Domingo no Parque - O Musical

Domingo no Parque - O Musical

Ministério da Cultura e Petrobras apresentam:

Livremente inspirado na premiada música de Gilberto Gil, musical negro Domingo no Parque estreia em janeiro de 2026 no Teatro Claro e já tem venda online de ingressos aberta

Com direção e texto de Alexandre Reinecke e direção musical de Bem Gil, espetáculo transforma em cena esse clássico com canções do próprio Gil, Caetano Veloso, Chico Buarque, Peninha, Jorge Benjor e Carlos Lyra

Clássico do Tropicalismo e uma das composições mais significativas na carreira de Gilberto Gil, a canção premiada Domingo no Parque vira musical negro, sob a direção de Alexandre Reinecke,  um dos diretores mais atuantes do país, e direção musical de Bem Gil. O espetáculo tem sua temporada de estreia no Teatro Claro, de 3 de janeiro a 8 de fevereiro de 2026, com apresentações às quintas e sextas, às 20h; aos sábados, às 17h e às 20h30h; e aos domingos, às 18h. A venda online antecipada já está aberta.

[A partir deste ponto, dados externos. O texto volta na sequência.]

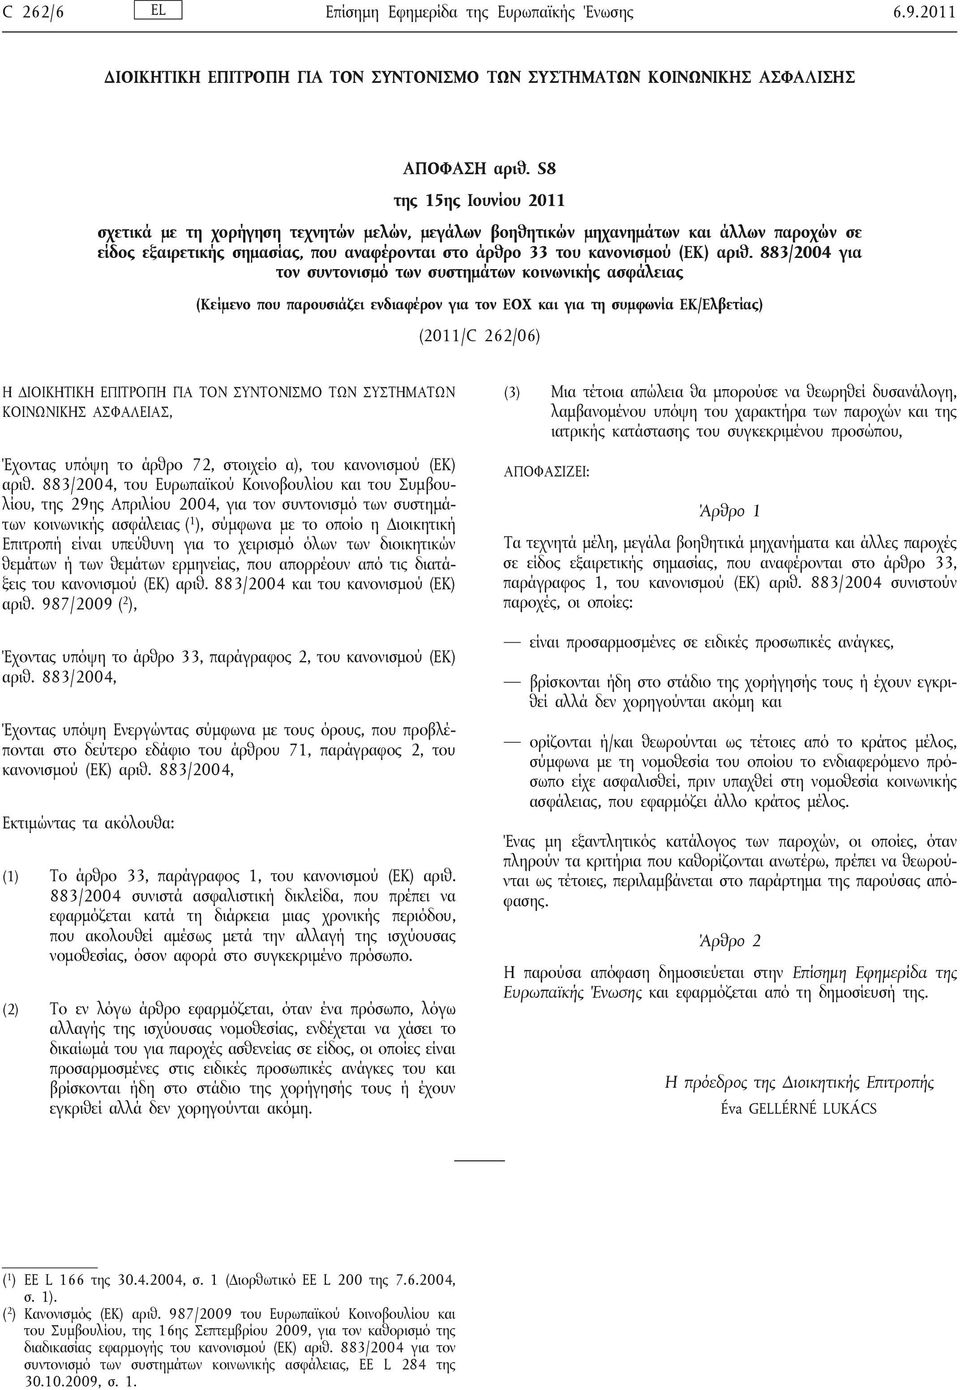 883/2004 για τον συντονισμό των συστημάτων κοινωνικής ασφάλειας (Κείμενο που παρουσιάζει ενδιαφέρον για τον ΕΟΧ και για τη συμφωνία ΕΚ/Ελβετίας) (2011/C 262/06) Η ΔΙΟΙΚΗΤΙΚΗ ΕΠΙΤΡΟΠΗ ΓΙΑ ΤΟΝ

Apresentada pela primeira vez no 3º Festival da Música Popular da TV Record, em 1967, Domingo no Parque é considerada um dos marcos da Tropicália ao misturar elementos brasileiros - como o violão e o berimbau - com a guitarra elétrica e levou o segundo lugar no prêmio. A canção tinha arranjo de Rogério Duprat e participação da banda Os Mutantes.

Com elenco e equipe majoritariamente formado por artistas e profissionais negros, o musical, que teve aprovação do próprio Gil, destaca importantes influências negras na cultura e sociedade, em elementos como os costumes, danças, a religiosidade, os arranjos musicais, as vestimentas, a alimentação e a capoeira.

A trama se passa em Salvador, no início da década de 1970 e tem como pano de fundo toda a situação sociopolítica do Brasil, que atravessava a violenta opressão da Ditadura Civil-Militar. No bairro da Ribeira, toda tarde João, José e um  grupo de amigos se reúnem para jogar capoeira, em um momento de descontração e divertimento

Quando José leva seu amigo João para assistir a um show de sua amada Juliana, a relação entre os dois fica abalada. Juliana, que agora passa a frequentar a roda de capoeira, teve no passado um romance avassalador com João, que terminou quando ele engravidou a jovem Juci. Enquanto eles estavam afastados, Juliana seguiu seu sonho de ser  cantora e passou a cantar nos bares da cidade. Ela também tornou-se atuante nos movimentos contra a ditadura e passou a ser vigiada pelos  militares.

Como não poderia ser diferente, essa icônica tragédia urbana chega ao fim com uma grande roda de capoeira ao som do clássico de Gil, elevando o clima do espetáculo, que promete ainda momentos de drama, humor, romance e suspense.

A trilha sonora conta com 20 músicas que atuam como fio condutor da história, sendo seis delas compostas exclusivamente para o espetáculo e as demais amplamente conhecidas pelo público, incluindo composições de Gil, Caetano Veloso, Chico Buarque, Jorge Benjor, Peninha e Carlos Lyra. 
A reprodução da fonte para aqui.